The other four individuals whose departures were particularly troubling 
were GS-15 level managers from OMP, OCIG, OI, and the Inspector 
General's Immediate Office.[Footnote 20] One manager resigned after 
being reassigned twice within 9 months. According to several OIG 
employees, the purpose of this manager's second reassignment was to 
accommodate the Inspector General's preference that this manager no 
longer work in the OIG headquarters building. The Inspector General 
gave no explanation why she wanted this individual to work in a remote 
location. A second was reassigned to an interagency task force for an 
indefinite period after his position was abolished. The Inspector 
General reportedly no longer wanted him in the OIG headquarters 
building. The third individual was temporarily reassigned to a position 
at another HHS agency and subsequently resigned. He told us that his 
duties were curtailed following a briefing of congressional staff in 
which he voiced an official OIG opinion that conflicted with that of 
CMS. The fourth individual retired after being reassigned from the 
Inspector General's Immediate Office to another component. Some staff 
members perceived that the reassignment of this individual resulted, in 
part, from her requesting--without the Inspector General's knowledge--
a gun safe to properly store a firearm that the Inspector General had 
recently acquired. Like the reassignments at the senior executive 
level, the Inspector General initiated these changes.
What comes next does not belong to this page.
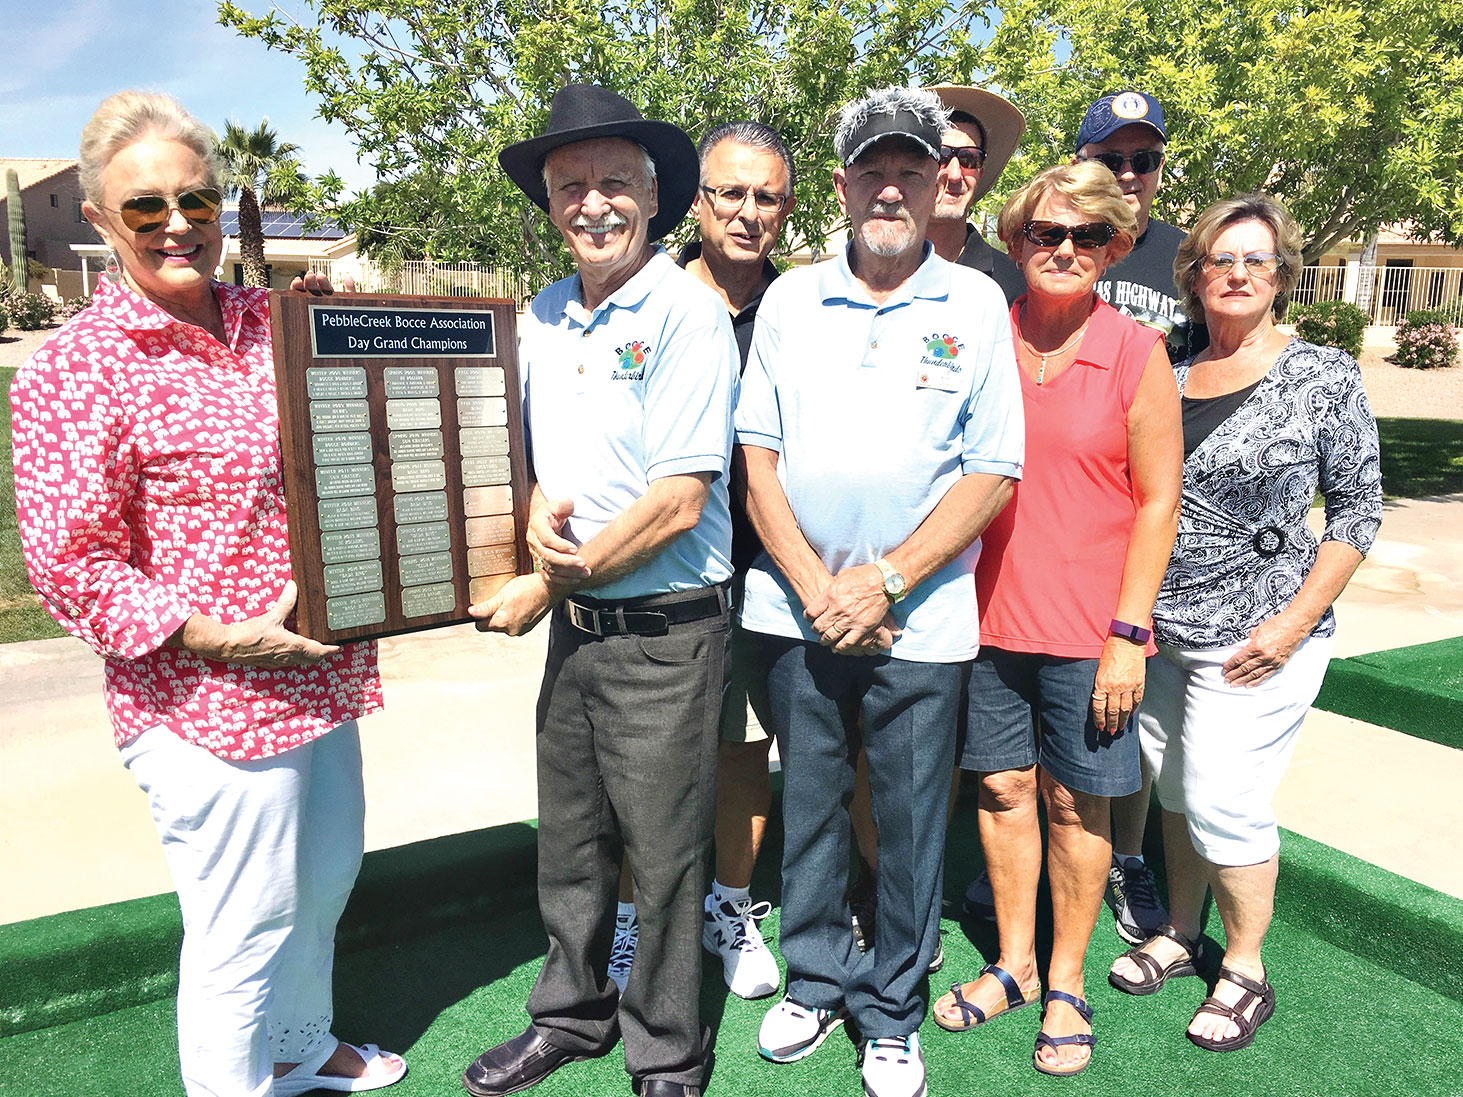 Winter Day League Grand Champion Thunderbirds, front row, left to right: President Cheryl Kasselmann, Captain Lloyd Smith, Co-Captain Ron Jacobs, Bev Loding and Ardys Smith; back row: Richard Squillace, Alex Potapoff and Bernard Blake

Some of the employees we interviewed were skeptical that these changes 
were necessary and asserted that they actually damaged the 
organization's effectiveness. Specifically, they were concerned with 
the sheer number of personnel moves made in a relatively brief period 
of time and that their new component heads lacked experience in the 
areas that they were going to lead. They also expressed concerns about 
the Inspector General's motivations because they felt that the changes 
generally had not been adequately explained to the employees involved. 
The abruptness of these changes and the lack of any overall explanation 
for them heightened employees' mistrust. Although some employees were 
supportive of the Inspector General's organizational changes or felt 
unaffected by her actions, comments made during our interviews and in 
our employee survey highlighted the frustration many employees--
especially at headquarters--felt due to the perception of unfairness 
associated with these personnel changes. We found that the magnitude 
and abruptness of the Inspector General's actions raised fear and 
anxiety among her staff.

We asked the Inspector General about each of the individuals to obtain 
her rationale in making these personnel decisions. The Inspector 
General told us that she was concerned about the individuals' privacy 
and that she was uncomfortable discussing the circumstances involving 
these managers with us.

Finally, we identified one matter giving rise to a legal concern. We 
obtained information suggesting that a member of the OIG's staff may 
have been preselected for a GS-15 position as the Director of Public 
and Congressional Affairs.[Footnote 21] Specifically, as explained 
below, e-mail communication by one of the Inspector General's closest 
advisors implies that a decision had been made to promote this employee 
to the GS-15 level prior to the initiation of a competitive selection 
process. Citing the individual's outstanding performance as a GS-14 in 
the same office,[Footnote 22] the Inspector General had directed the 
employee's supervisor to promote her to a GS-15 at the earliest 
opportunity. Shortly thereafter, an advisor to the Inspector General 
contacted the individual's supervisor and emphasized that the Inspector 
General believed that it was important for the individual to have a GS-
15 in her current position. The advisor urged him to initiate the 
promotion process so that the GS-15 would be effective on the date of 
her eligibility for promotion, or soon thereafter. The advisor further 
explained that the Inspector General had made a commitment when the 
individual agreed to take the GS-14 position that she would be promoted 
to a GS-15 one year later. In addition, the OIG included a "selective 
placement factor" in the GS-15 position description, reportedly to 
favor the employee. OIG staff told us that, although the GS-15 position 
was advertised both inside and outside of the agency, there was a 
widespread perception that the selection had already been made. This 
perception may account for the fact that there was only one applicant 
for the position. While the information we obtained raises concern 
about a possible preselection, we have not conducted the type of 
formal, factual inquiry that would ultimately be necessary to determine 
whether the Inspector General's actions were unlawful.[Footnote 23]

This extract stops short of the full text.